:: Records provided ::

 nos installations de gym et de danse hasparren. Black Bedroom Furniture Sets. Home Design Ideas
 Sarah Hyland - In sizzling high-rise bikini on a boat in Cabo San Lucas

:::
:: Records provided ::

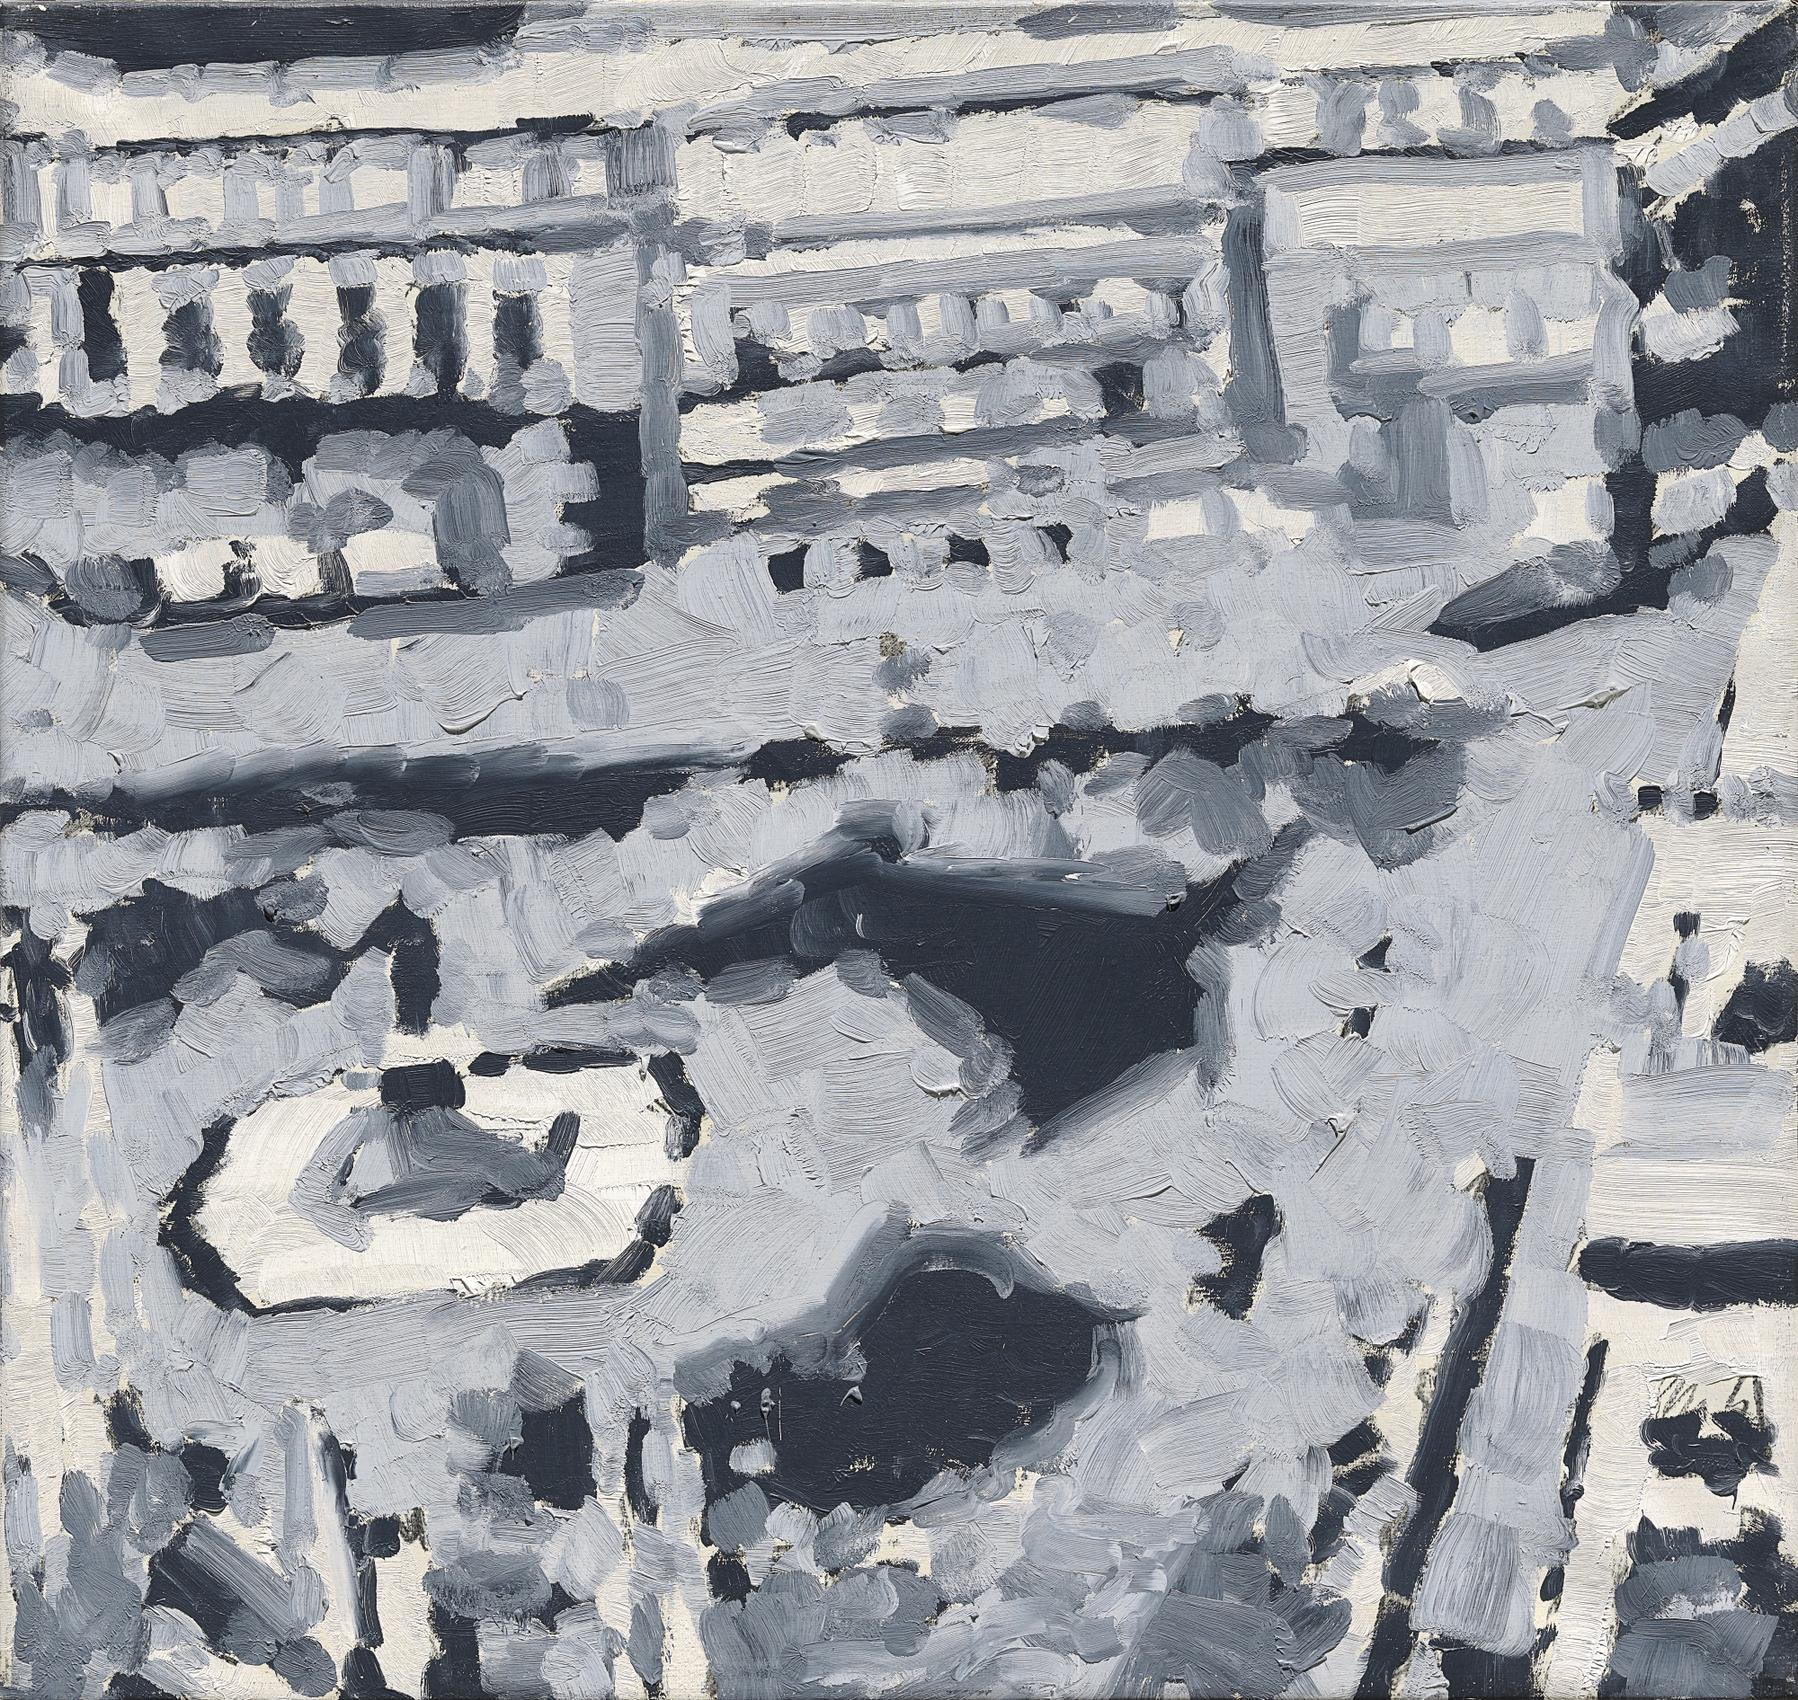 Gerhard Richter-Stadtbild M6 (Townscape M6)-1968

:::

Task to complete: From the data above, reproduce word for word the lines running from the line with "nos installations de" to the line with "Sarah Hyland - In", ends included.

Finished exercise:
 nos installations de gym et de danse hasparren. Black Bedroom Furniture Sets. Home Design Ideas
 Sarah Hyland - In sizzling high-rise bikini on a boat in Cabo San Lucas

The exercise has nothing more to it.